The case presentation includes:

  1. Typed Patient History and physical, dental examination, and treatment summary.

    (Standard Format)

  2. 1 or 2 photos of radiographic examinations (Panorex and periapical surveys).
  3. Preoperative state photos*.
  4. Treatment photos with temporization, surgery, or preparations*.
  5. Final treatment results*.

*Centric occlusal view, maxillary arch view, mandibular arch view, both lateral buccal views, whenever possible.

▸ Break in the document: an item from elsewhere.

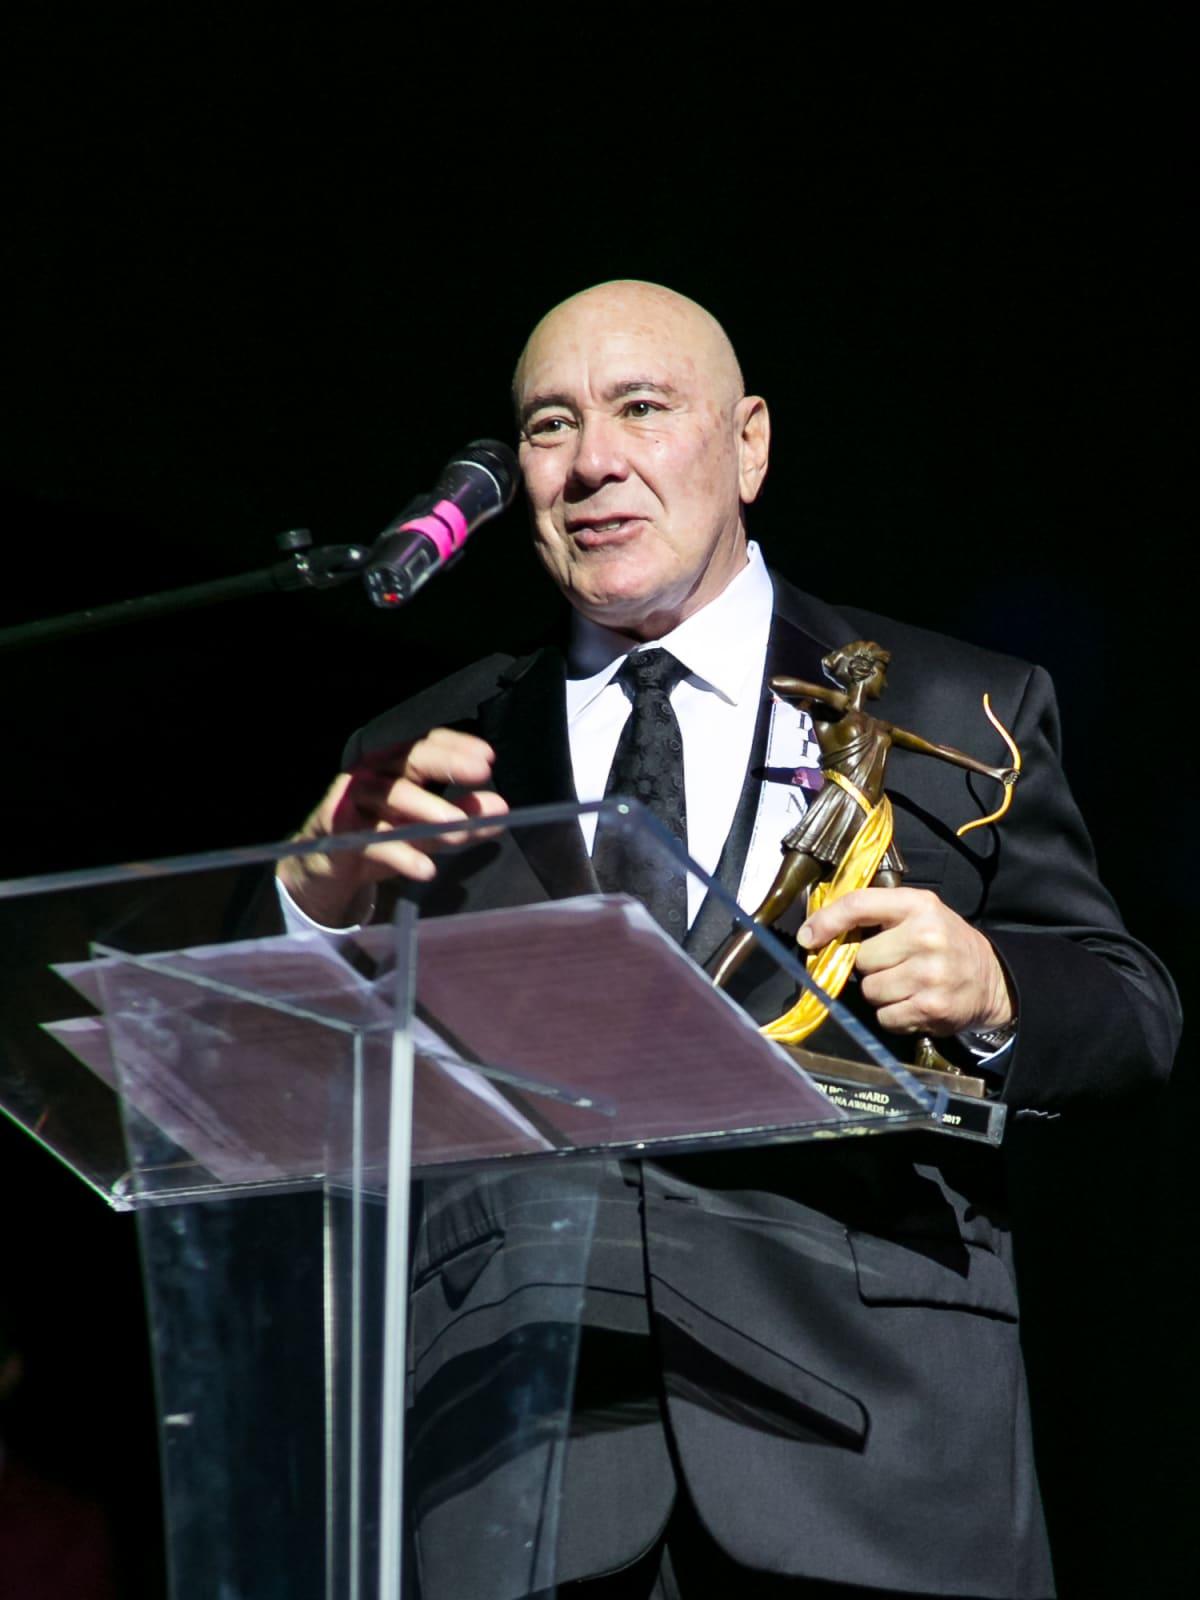 Golden Bow Award recipient Frank Williams at Diana Awards

Copy of the presentation should be submitted on a CD to be kept in the resident’s portfolio.

Advanced Education in General Dentistry Program Curriculum Review/Instructor Feedback Guide

Advanced Education in General Dentistry Program Curriculum Review/Instructor Feedback Guide

Example of How Objectives Are To Be Entered In The Curriculum Review Form

Evaluation of Root Canal Treatment Seminar Outline

Example of How Objectives Are To Be Entered In The Curriculum Review Form

Dr. El Fayez February 26, 1991

I. Learning Objectives: Each participant should analyze the factors that significantly influence prognosis following root canal therapy, and evaluation of criteria for success.

  1. Describe the consequences of over instrumentation and over filling in root canal therapy.
  2. Identify the clinical practices which contribute to a favorable prognosis.
  3. Defend the criteria for determining success or failure.
  4. Relate clinical and radiographic findings to healing and success.
  5. Explain the conclusion that radiographic interpretation is subjective in nature.

II. Comments/Critique (main points):

  1. Factors that significantly influence prognosis following root canal therapy
    1. Endodontic “Triad”.
    2. Local factors influencing healing.
    3. Systemic factors influencing healing.
  2. Criteria for success
    1. Radiographic
    2. Clinical
    3. Types of regeneration
  3. Factors influencing success or failure
  4. Causes for failure
    1. Indications
    2. Causes
  5. My criteria for success
    1. Absence of pain or swelling
    2. Disappearance of a sinus tract
    3. No loss of function
    4. No evidence of tissue destruction
    5. Roentographic evidence of an eliminated or arrested area of rarefaction after a post-treatment interval of 6 months to 2 years.